Vegetarian food: Happiness House. In my fifth week here, I found along Rodriguez Pena, totally por casualidad, one of like three vegetarian specialty shops in the entirety of Bs As. This one also has an English name, interestingly, and is a buffet where you can load up a box with all manner of Arg-veg specialty delights like empanadas, carne de soya, etc., though the overall theme was basically Asiatic, and the place was run by Asian folks who spoke perfect Spanish which always vaguely amused me for reasons that remain unclear. This developed into a very fun tradition whereby I would spend four hours in the AM at my really very fun and cool Spanish school, VOS, and would treat myself afterward to a cheap and delicious vegetarian feast at HH, which made whatever ensuing heavy dinner I’d inevitably consume seem not so artery-threatening as it probably still was.

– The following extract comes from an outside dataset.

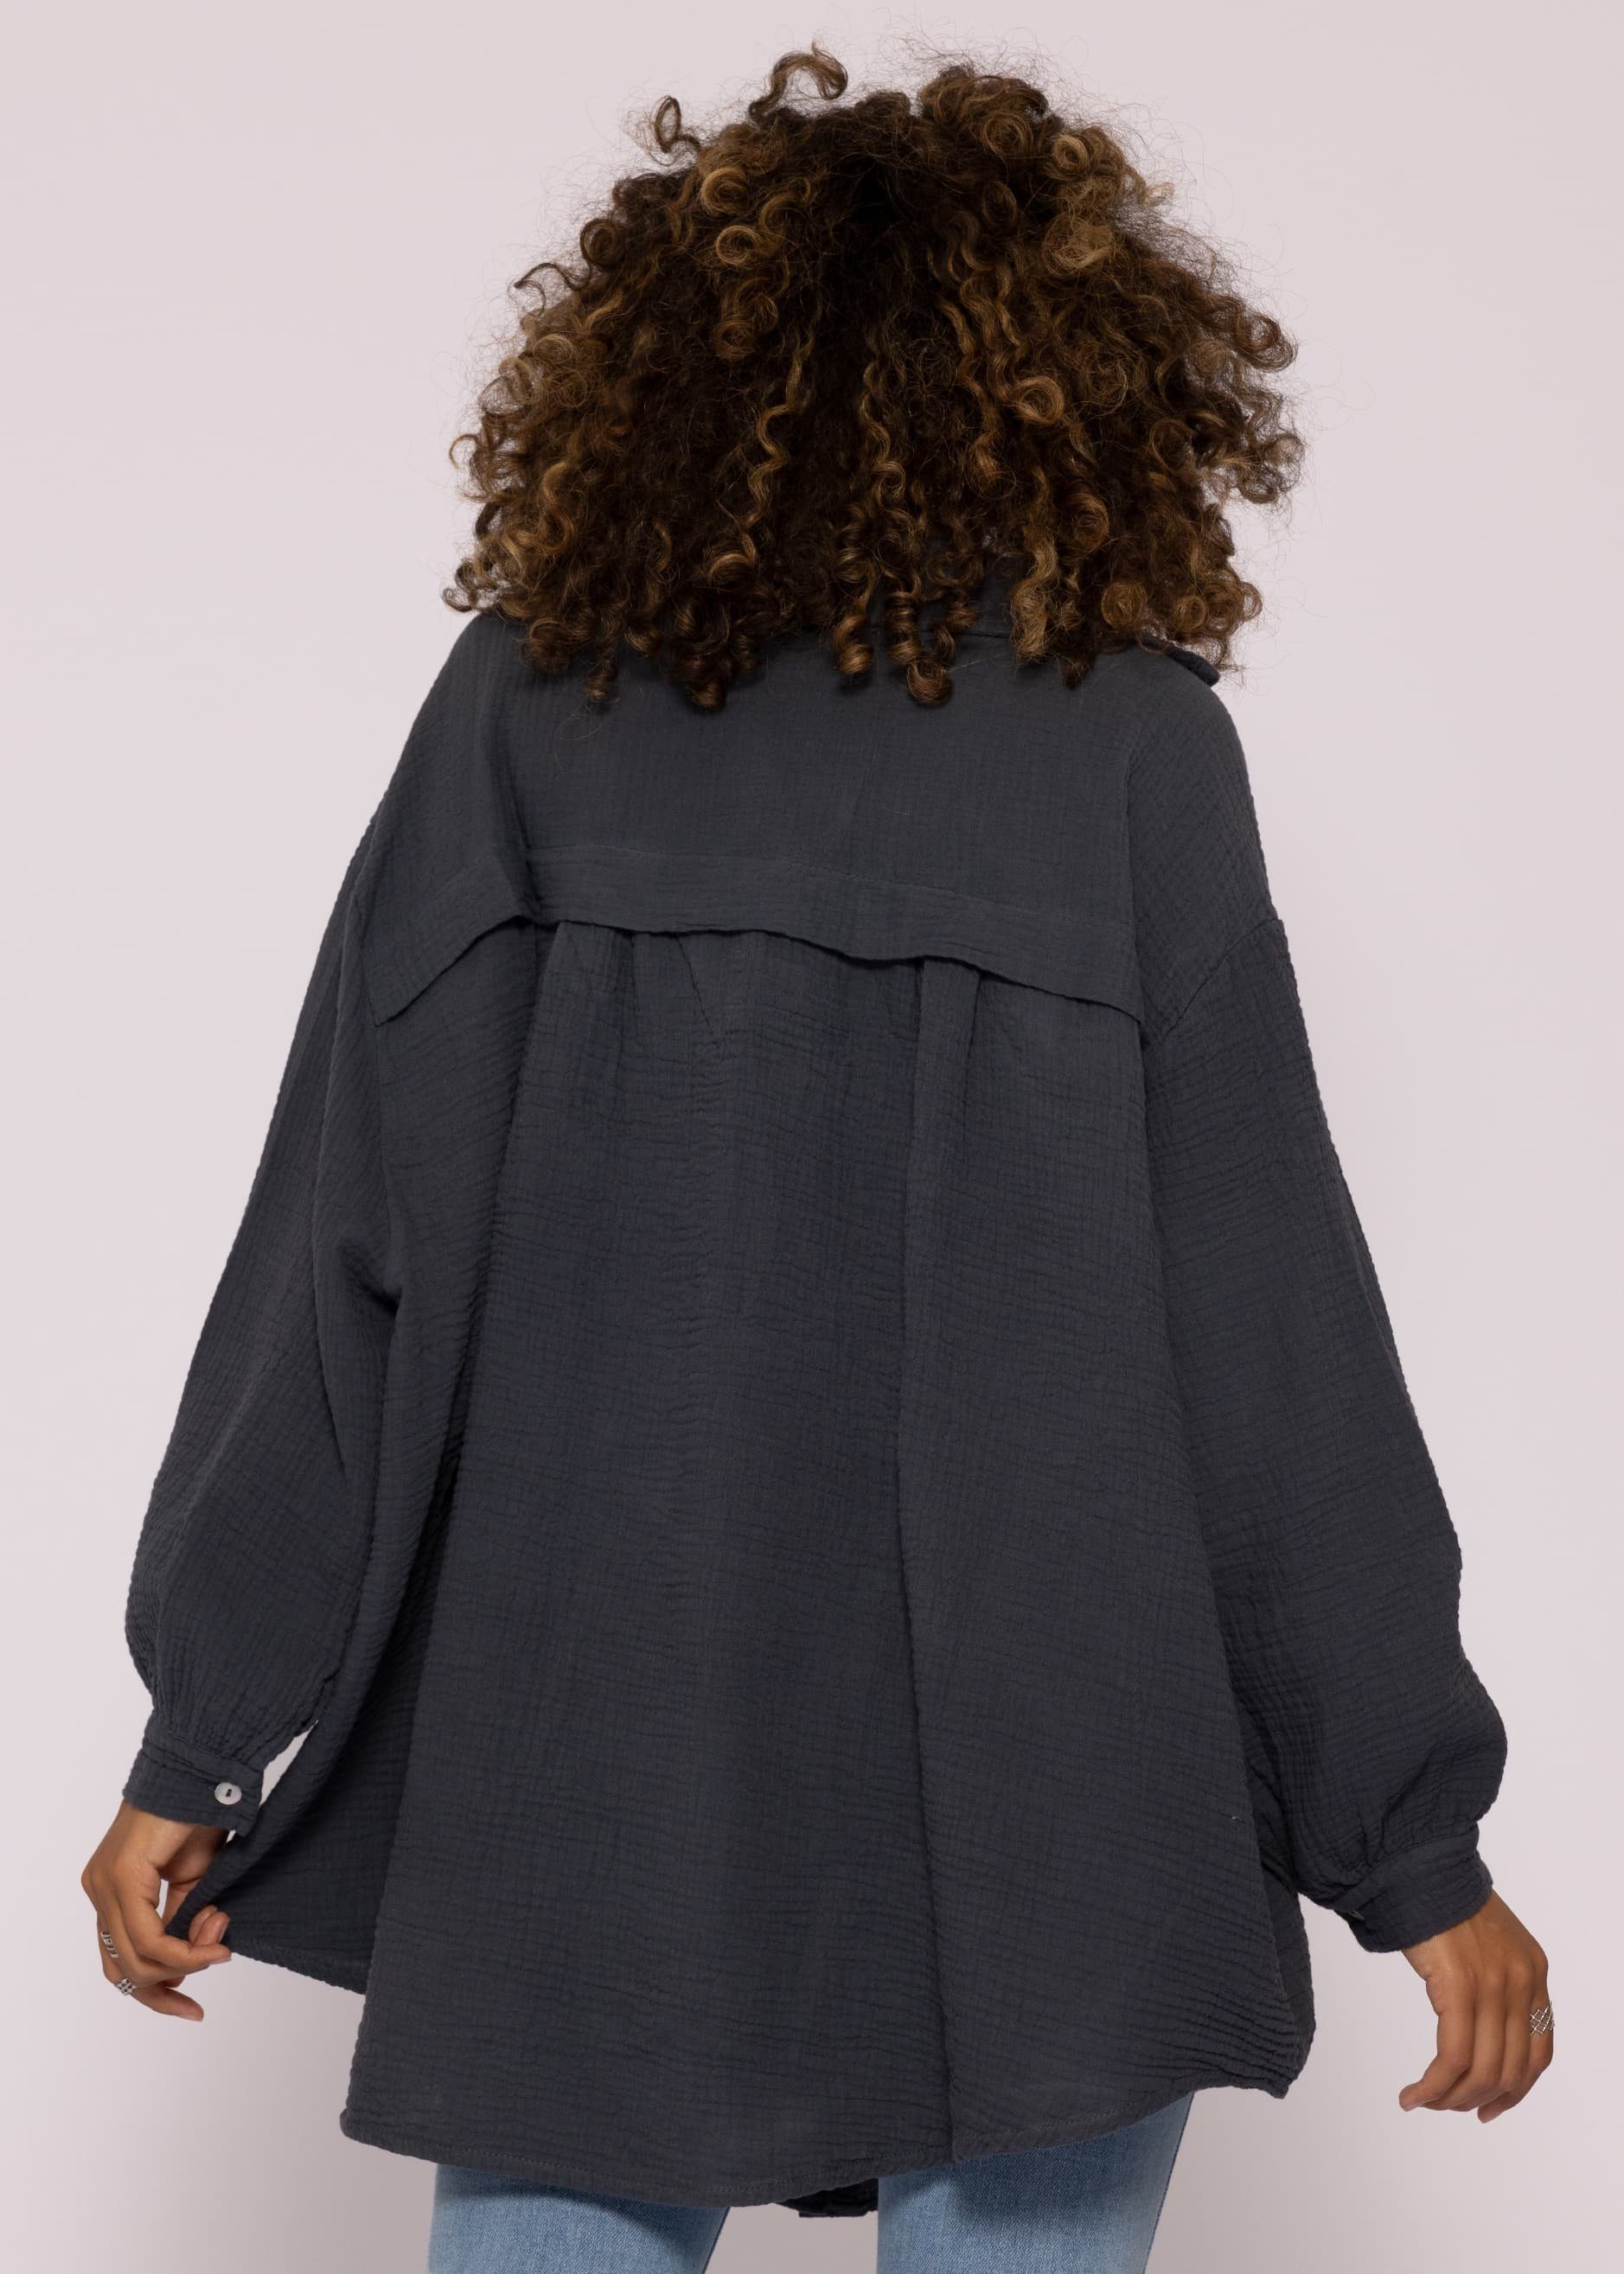 Bluse One Longbluse Baumwolle mit (Gr. 36-48) Dunkelgrau Damen V-Ausschnitt, Langarm lang Musselin Oversize Size aus SASSYCLASSY Hemdbluse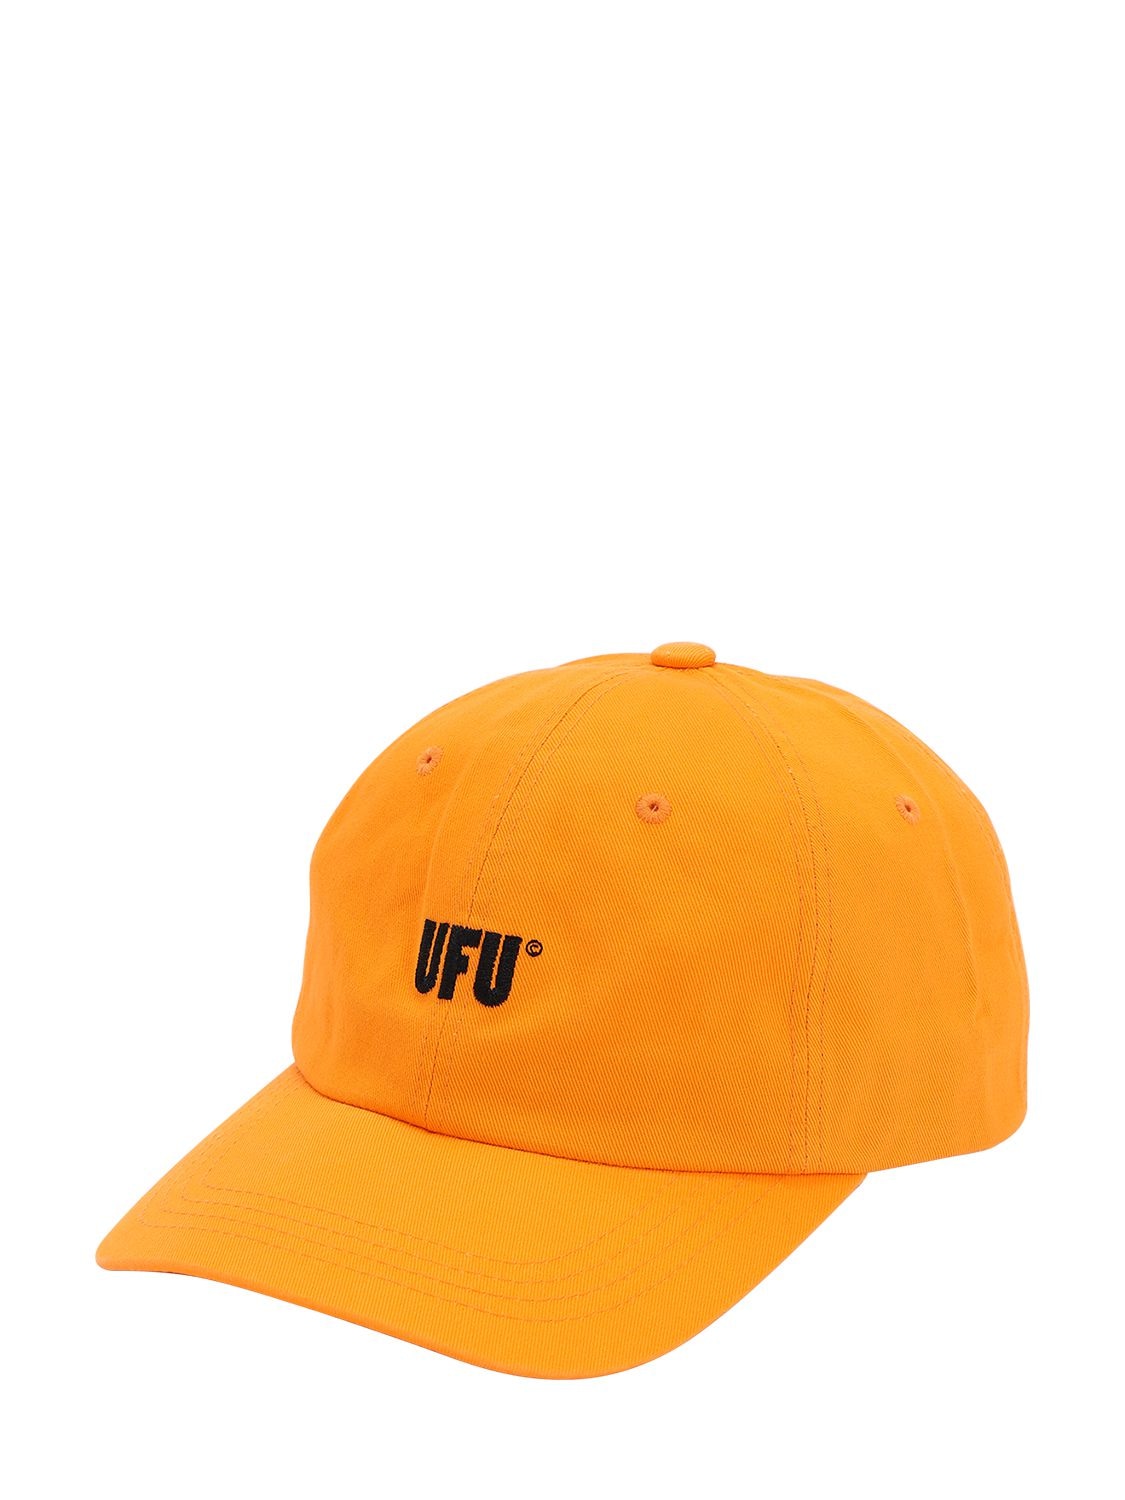 Ufu - Used Future Ufu Ad Cotton Canvas Baseball Hat In Orange

And of course this entry would be incomplete without a reference to dessert, which in my case was always delectable and wonderful flan. Flan is not, of course, unique to Argentina, but what makes the experience of flan here so delectable is that it’s usually accompanied by dulce de leche, which is a scoop of caramel that has more … structural integrity than the caramel sauce one might get in the states, and is also much richer and delicious, so much so that I could eat an entire serving of it solo. And, embarrassingly enough, did—several times (record for portions of flan + DdL eaten in one meal = 3).

Flan with dulce de leche.

This list is necessarily incomplete. I’m reminded of many other memorable food experiences that I don’t have time to detail--eating at Fiselle, just across the street from my depto, and practicing Spanish with voluble owner Ricardo; grabbing choripan from carts off the street; those mobile nut-roasteries that smell intriguing if not particularly delicious and that I never got the nerve to try; long AMs spent writing over a desayuno completo (perfectly enjoyable but over-named); outstanding café y medias lunas at Martinez (the Porteno Starbucks but still excellent); and of course hours and hours spent at my personal fave, la famosa La Biela. But there’s much blogging to be done, B.R., and little time remaining, so I’ll have to leave the rest to your fecund imaginationses.